Вопросы историографии
Кажется, даже при большом желании невозможно представить дело так, будто Пропп – одинокая фигура на фоне истории мировой науки о фольклоре, некий историографический персонаж («факт») без роду и без племени (сиречь без предков и без потомков). Получится что-то вроде стенаний на тему: не понят, не прочитан. Потому лучше будет сказать так: не до конца понят, не до конца, т.е. невнимательно, поверхностно, прочитан.
Теория морфологии сказки как этнографическая дисциплин, синонимом которой является этнография фольклора, имеет более богатую и более сложную историю, чем принято думать. В нашем пантеоне она представлена золотыми датами известных неизвестных трудов. Разумеется, сюда не вошло много блестящих имен ученых, которые обрабатывали и удобряли своими открытиями теоретическую почву морфологии сказки. Не стоит удивляться и тому, что в этом ряду оказался Антти Аарне. Его система есть зерно «сюжета», из которого проросла «Сказка» Волкова, давшая плоды в «Морфологии сказки» Проппа.
Что самое удивительное, не где-нибудь в «тридесятом царстве», но под сенью отечественной науки последние годы появляется, пожалуй, слишком много работ, в которых пытаются скомпрометировать книгу Проппа «Морфологию сказки» (1928), не стесняясь даже предположений личного характера. Так, оказывается, что к книге «Морфология сказки» «доверчиво» (!!!) отнеслись не только начинающие фольклористы, но и опытные исследователи не только благодаря аргументации автора, но и «другим факторам». Что касается аргументации, книга объявляется «неудачей В.Я.Проппа», которая обусловлена не только ограниченностью материала, но и непростительной методологической ошибкой – «изолированных друг от друга функций (курсив Б.Кербелите. – ПБ)», поскольку Пропп «и не интересовался, с чем и как они соединяются». Извините, очень даже интересовался.

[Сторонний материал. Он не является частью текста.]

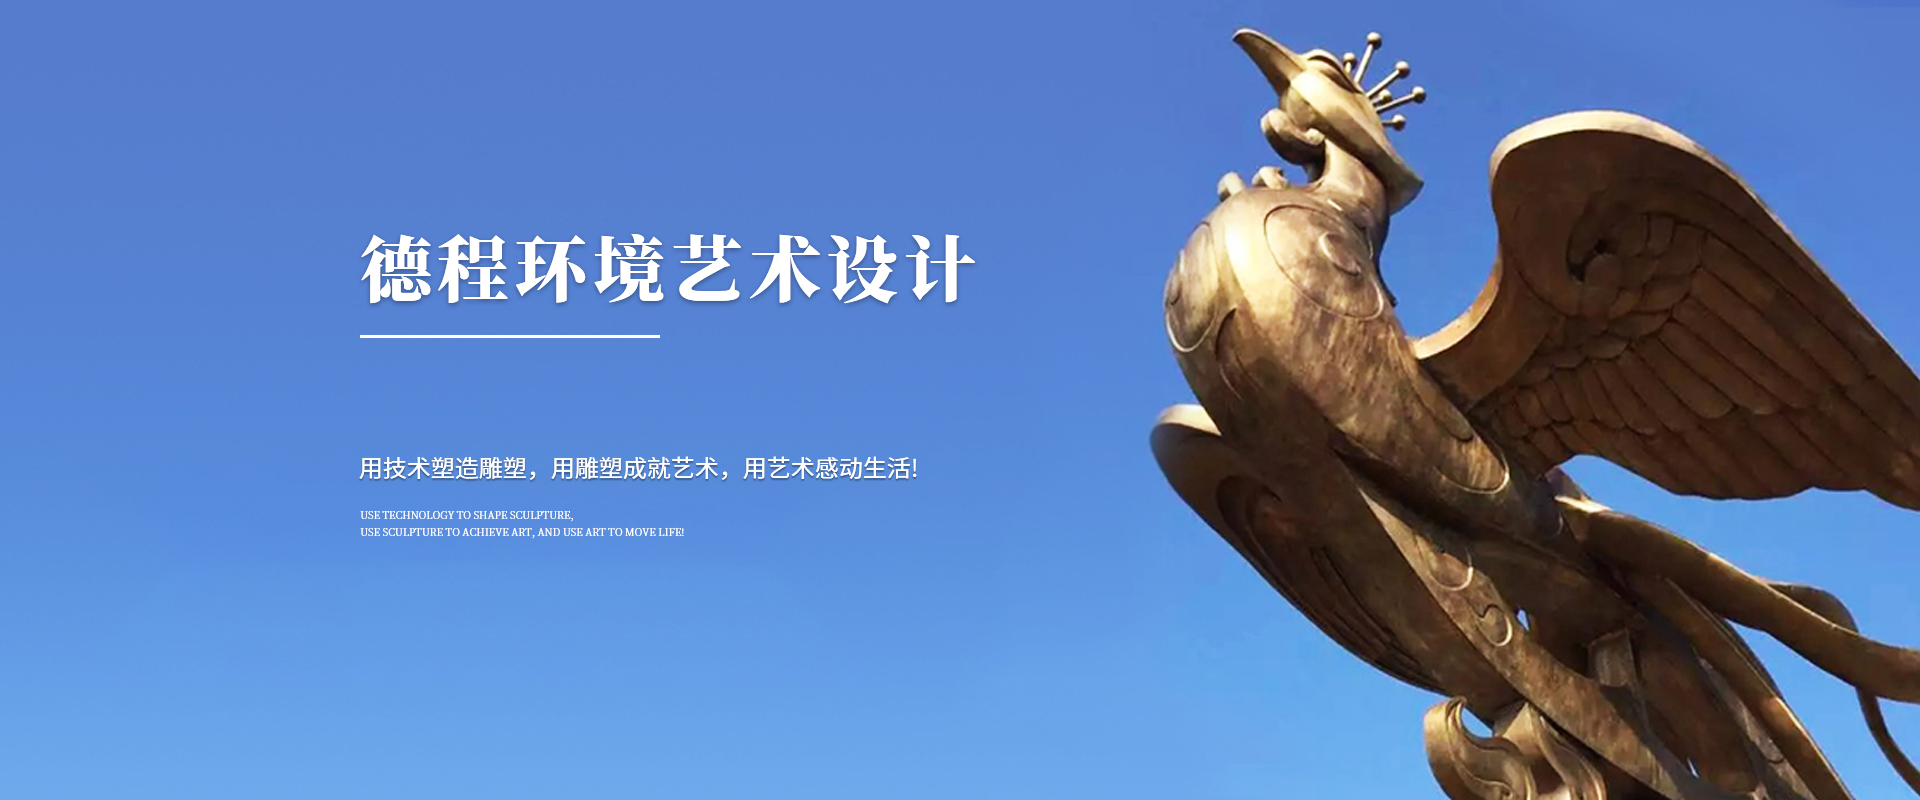 重慶雕塑公司

Достаточно привести место из «Морфологии сказки» с определением понятия морфологии сказки, которое цитирует Б.Кербелите: «описание сказки по составным частям и отношению частей друг к другу и к целому (курсив мой. – ПБ)» [1]
А доверчивость «обманутых дольщиков» Б.Кербелите объясняет очень просто – тем, как хитроумный Пропп знакомил читателей со своей методикой: «не доказывал что-то с помощью аргументов, а внушал (курсив Б.Кербелите. – ПБ). «Так, – пишет Б.Кербелите, – создалось впечатление, что автор опирается на законы логики и строго придерживается правил классификации. Даже авторитетные фольклористы поддались внушению, не возражали против неаргументированных суждений» (стр.242).
А вот и тот самый, последний гвоздь. По мысли Б.Кербелите, в любой науке бывают полезными даже тупиковые исследования и как таковое «Морфология сказки» Проппа, который только и сделал, что перетащил понятие морфологии из естествознания в фольклористику, может быть полезна (стр.243). Интересно, а где в это время был ответственный редактор данного сборника? Или его забыли поставить?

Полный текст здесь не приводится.